**Data segment**
BEGIN

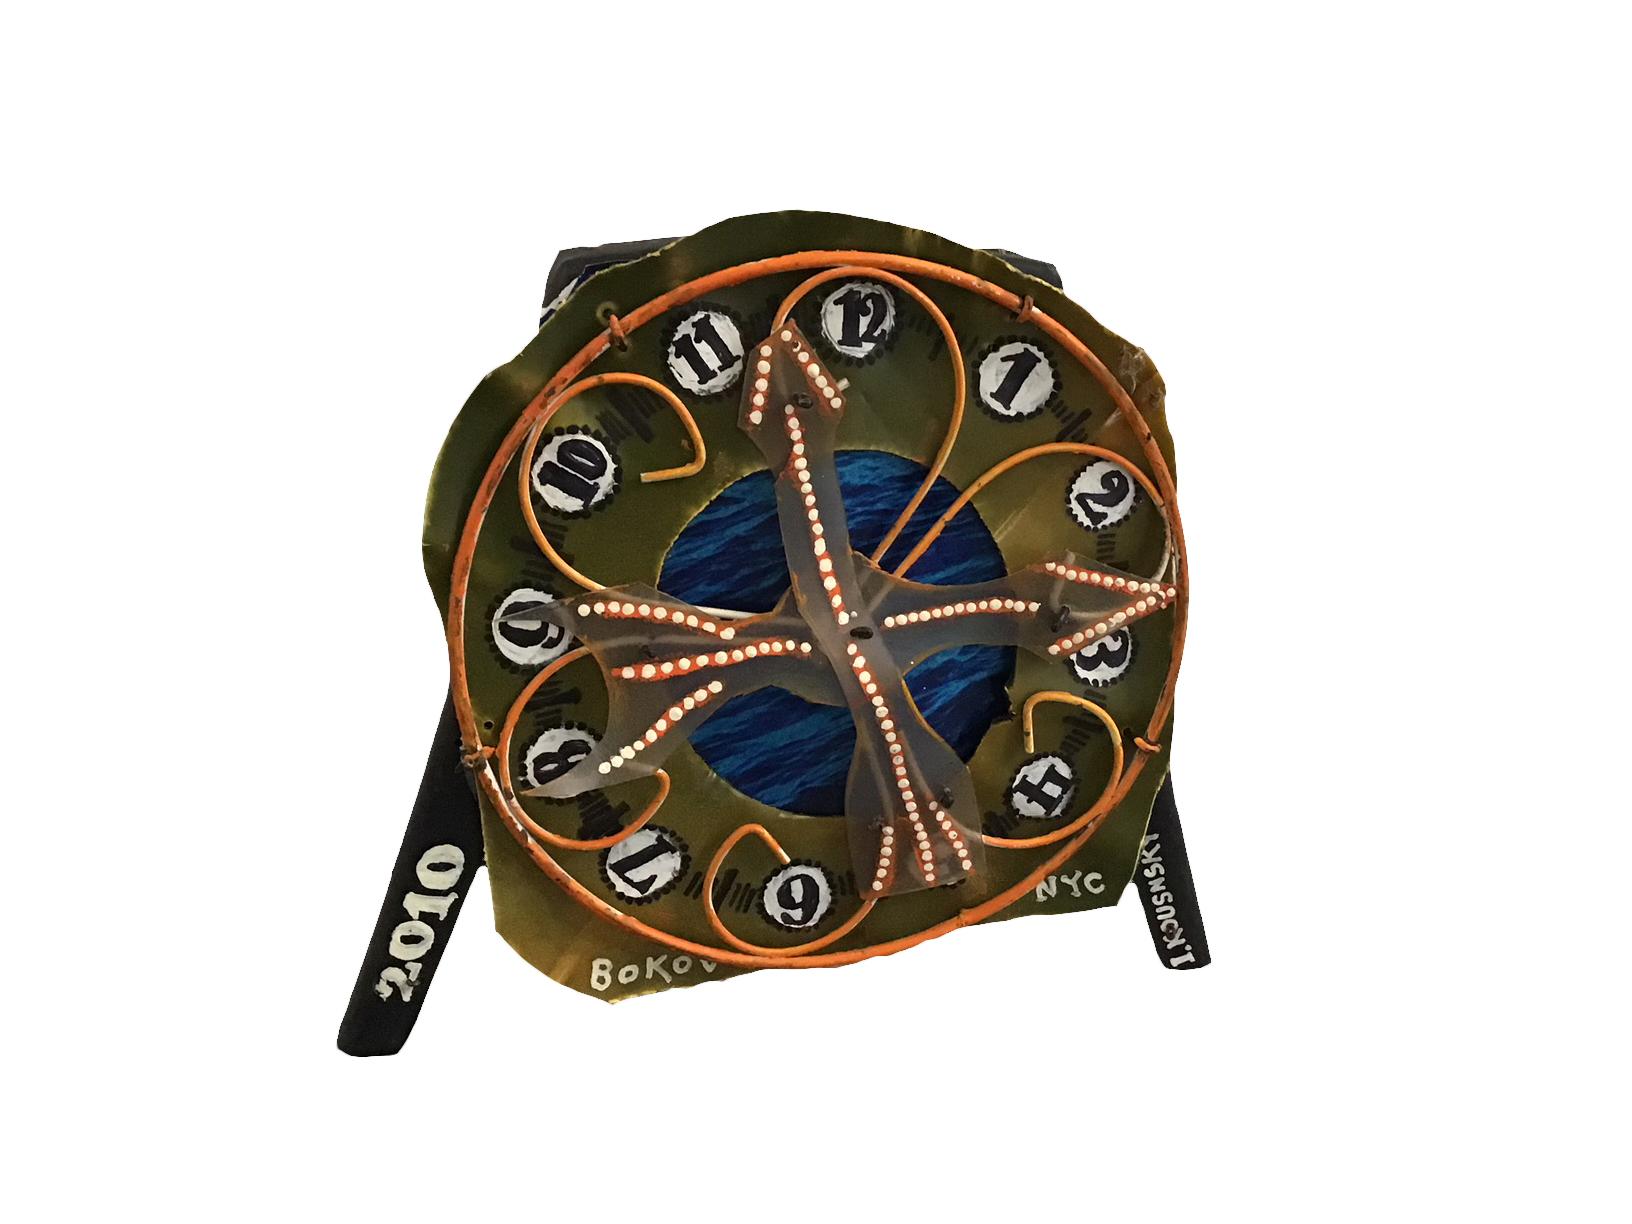 Ocean Time Clock
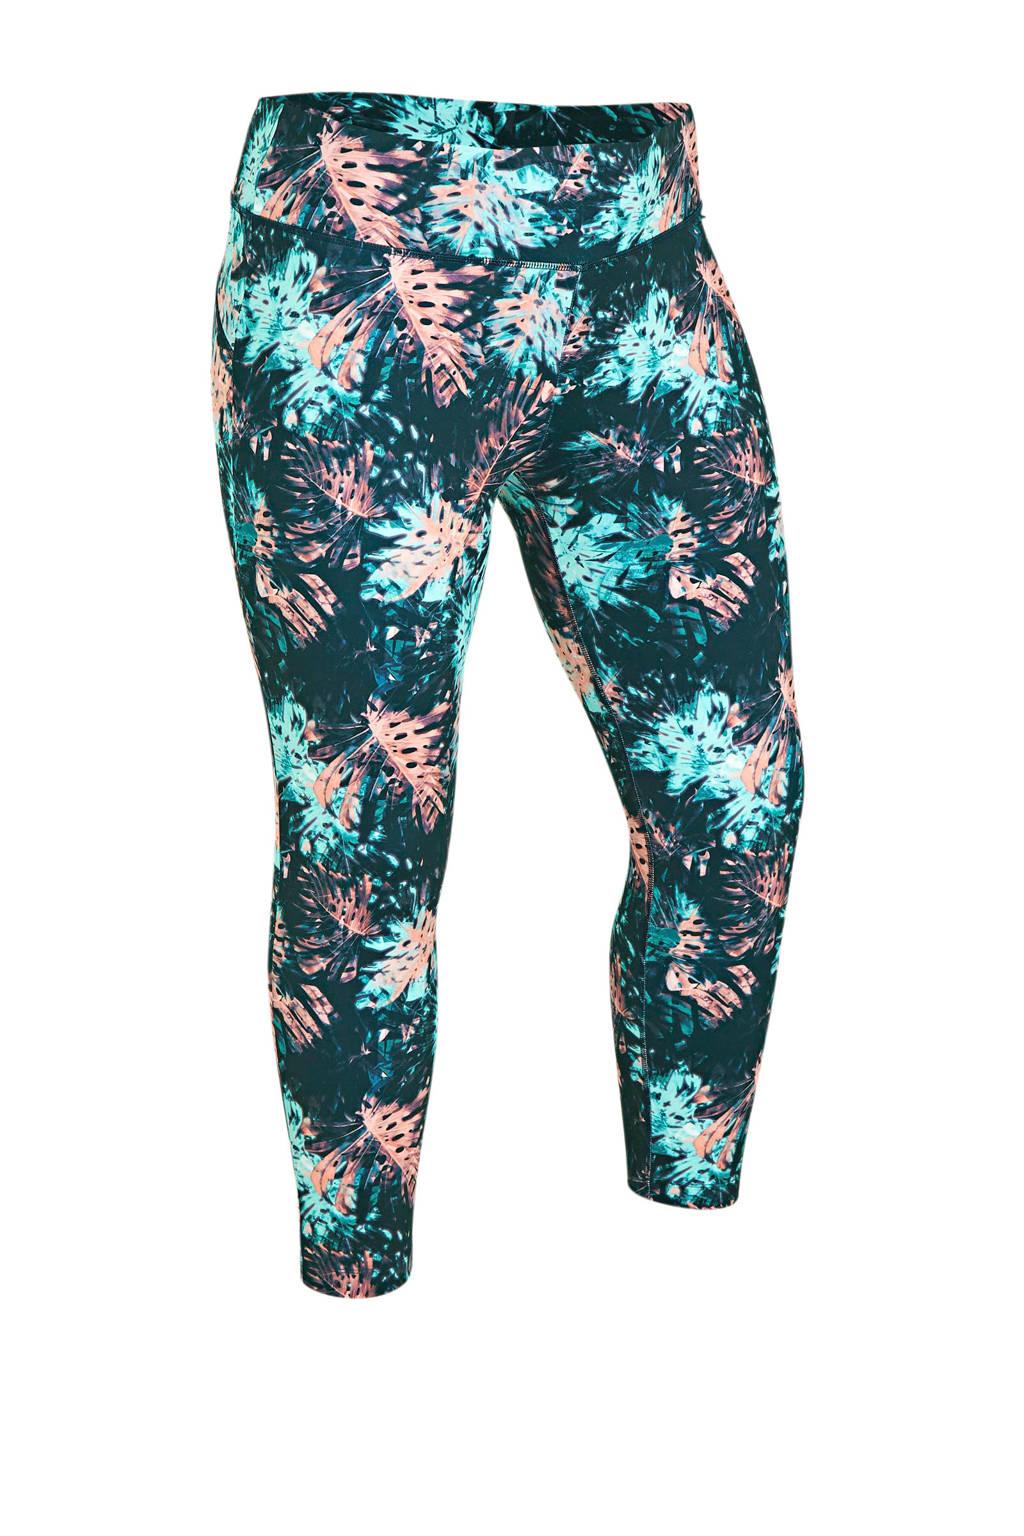 ESPRIT Women Sports Plus Size sportbroek met bloemen antraciet, antraciet/roze lichtblauw
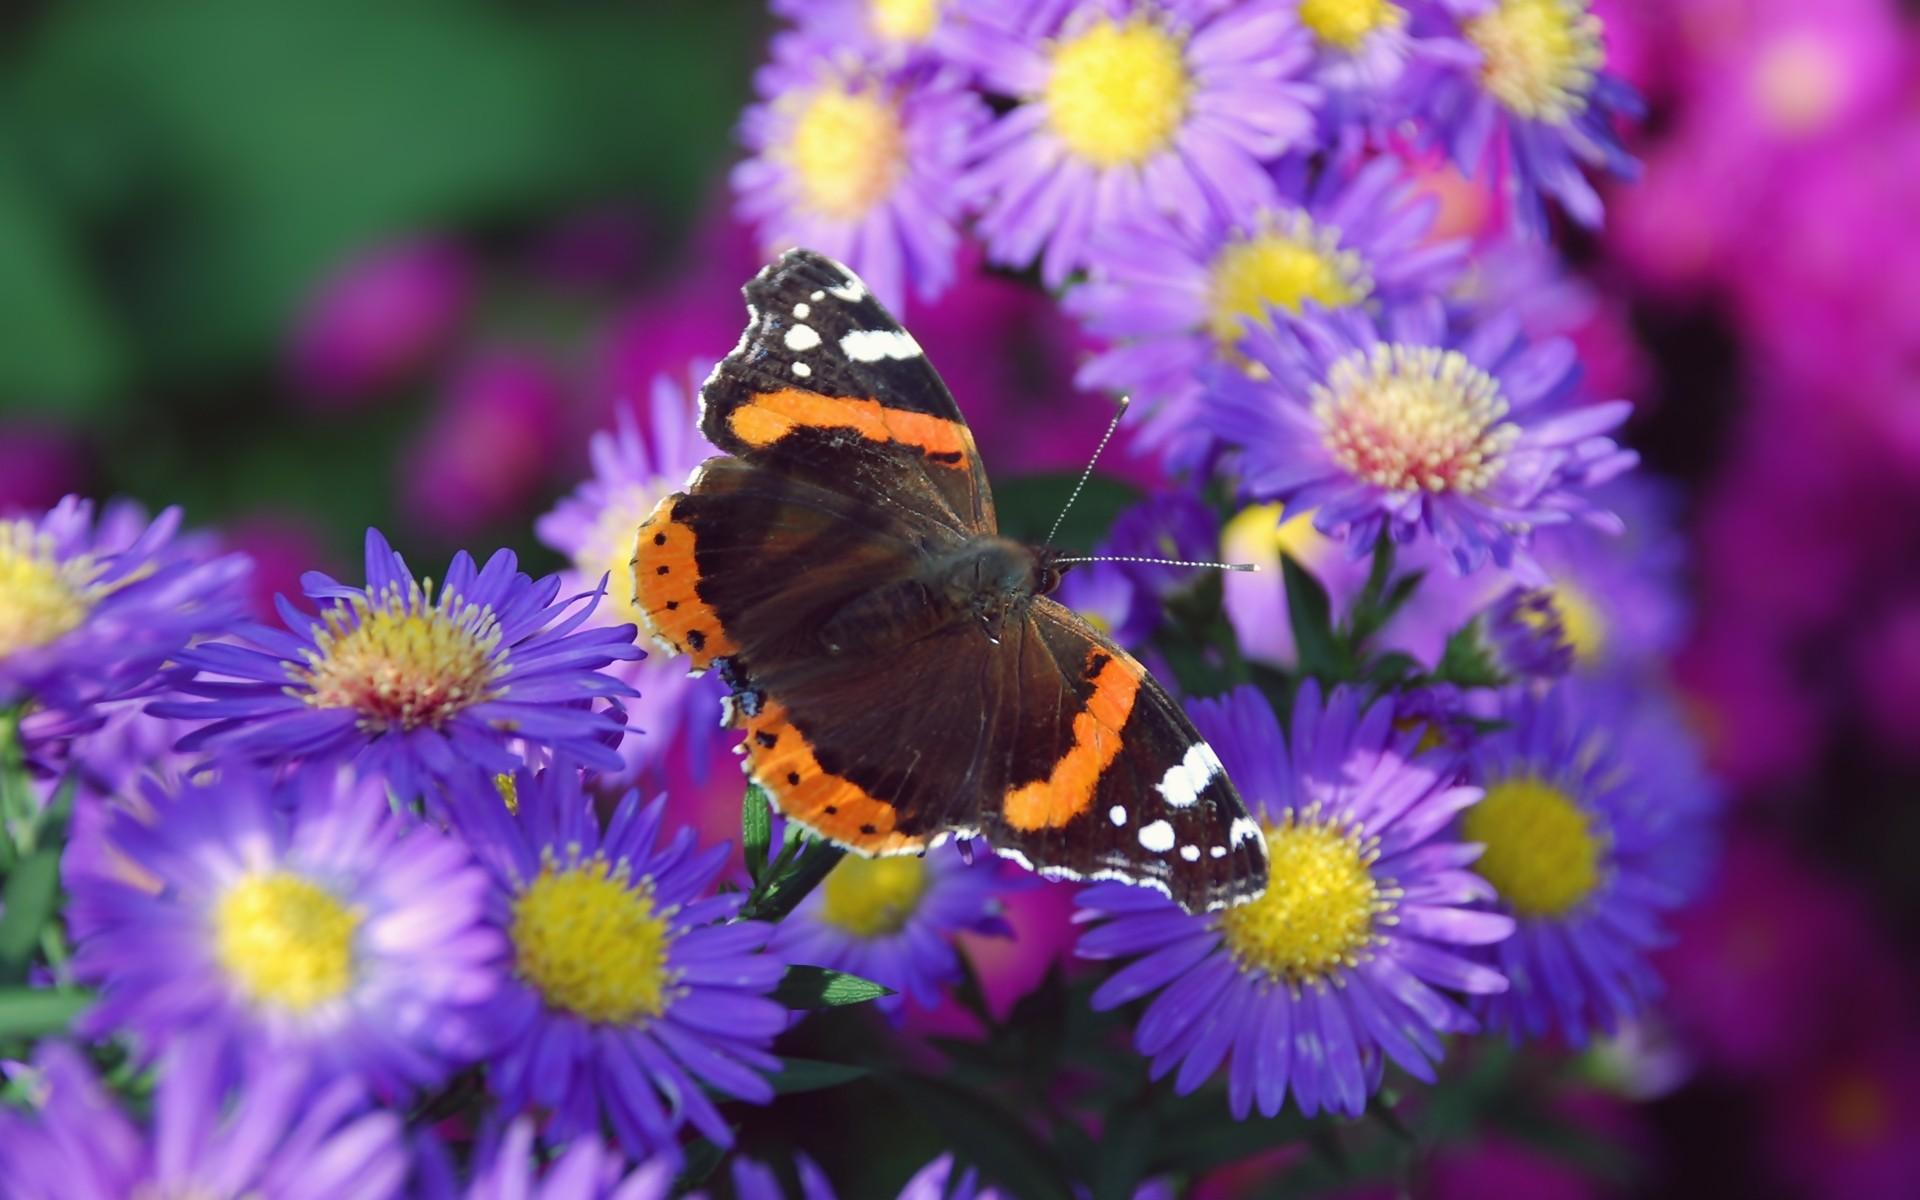 Скачать бесплатно обои бабочки на рабочий стол   подборка (14)

END

**Your assignment**
Print the lines from the one that contains "ESPRIT Women Sports" through the final line of the material above, exactly and only those, with pictures left out.

**Solution for this task**
 ESPRIT Women Sports Plus Size sportbroek met bloemen antraciet, antraciet/roze lichtblauw
 Скачать бесплатно обои бабочки на рабочий стол   подборка (14)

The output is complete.